All tank that carry ammo in the hull are prone to impressive cooking off in the hull if hit at the sweet spot.
99 have a carousel so if you have ammo cooking off, it will be like other MBT with ammo in the hull like Russian, English, German, Israeli and France MBT in service.
A penetration into the bottom of the hull is nearly universally fatal, ammo stored there or not. T-14 and supposedly the undesignated new PLA tank have armored capsules that would in theory protect the crew from a catastrophic lower hit, but it doesn't stop the tank itself from being destroyed.
M1 have the advantage to store ammo outside the crew compartment but at the cost of having it's ammo way more exposed with a turret hit. It would not explode in the tank hull if the blast door are close ( When not recharging the gun) . So the crew is safer if no ammo are carried in the hull. M1 had possibility to carry ammo in the hull too...i don't think that storage is used anymore.

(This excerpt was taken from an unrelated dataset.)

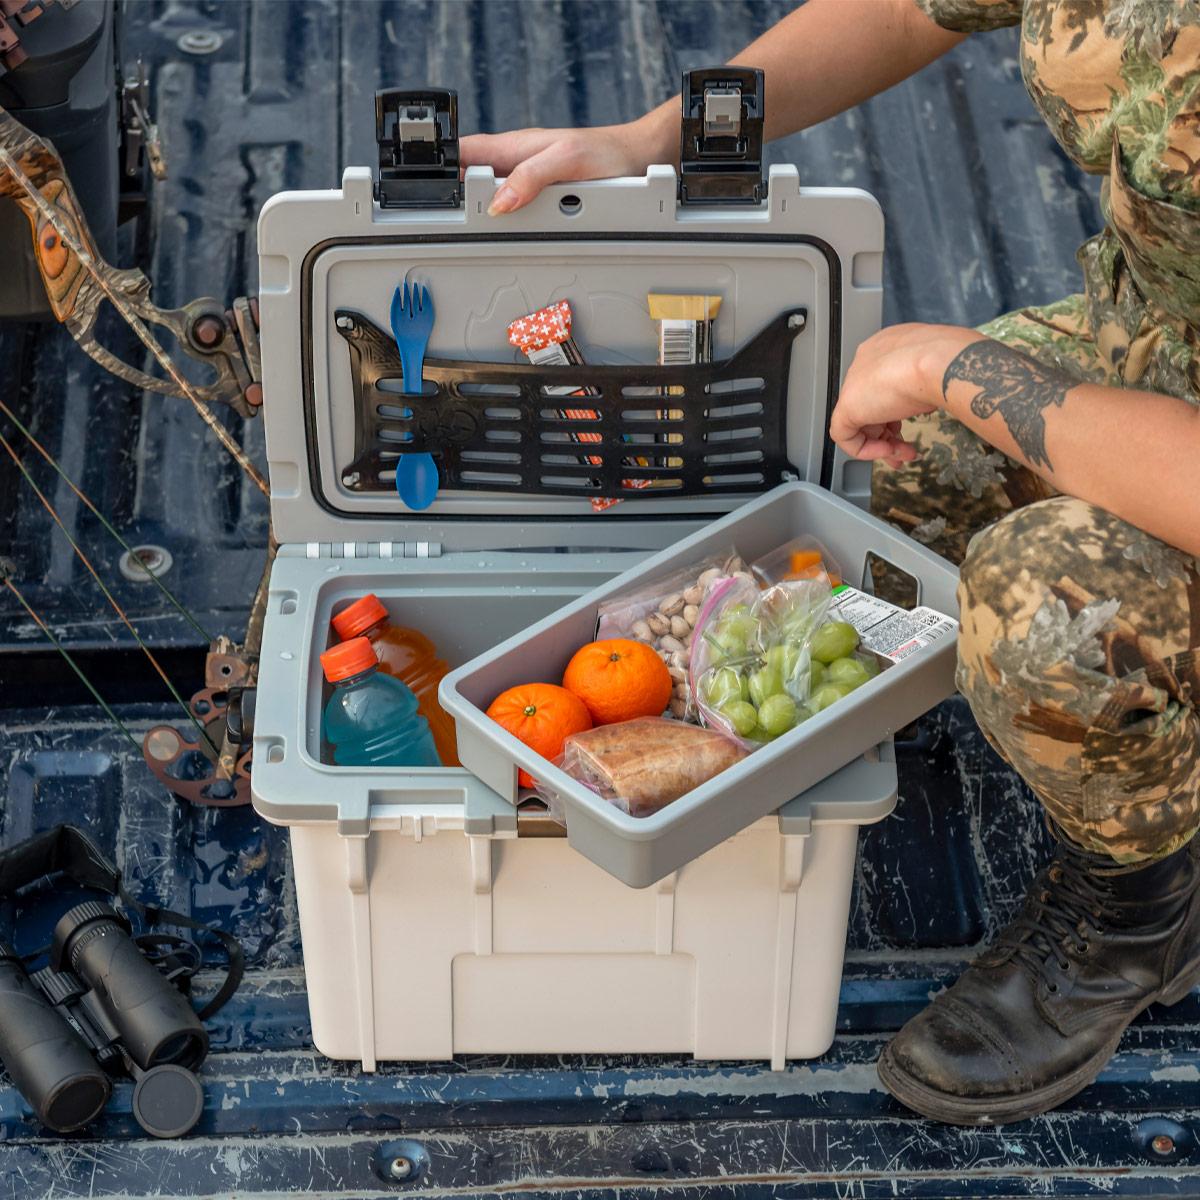 pelican 14qt three level compartment cooler

It's very dubious if this is actually an advantage. In the battlefield, a M1 effectively only has whatever thin armor shields the blowout panels in the turret, which will be the most exposed part of the tank. The crew can often survive a M1 being mission killed from ammo cook off, but then you have a likely wounded crew stranded as dismounted infantry in a modern battlefield environment where their survival chances range from low to very low.
The Chinese/German/Russian/Israeli 3rd generation tanks will have the crew instantly killed if an ammo cook off happens, but it's much more difficult to hit the low part of the hull (which is also more armored), and an equivalent hit to a M1 will also kill the crew, although not in an equally spectacular fashion.
I think there's a good reason why almost every major tank building nation uses ammo stored in the hull bottom, and why both 4th generation tank designs use carousel (with added improvement by armored capsule, which saves the crew but still leaves the tank destroyed).
M1s were designed firstly in an era where they just needed to match the T72 in frontal protection while having a defender's advantage, and then secondly every upgrade afterwards focused on partisan suppression in the middle east.
Having the ammo cook off and leaving the crew stranded is fine if youre not fighting regular military adversaries. It's probably even beneficial through a mineshaft canary effect, where if a M1 gets crossfired by RPGs and gets mission killed, it reveals that the danger in the area is high, while the crew can still run out of there, because they're not in a modern battlefield environment.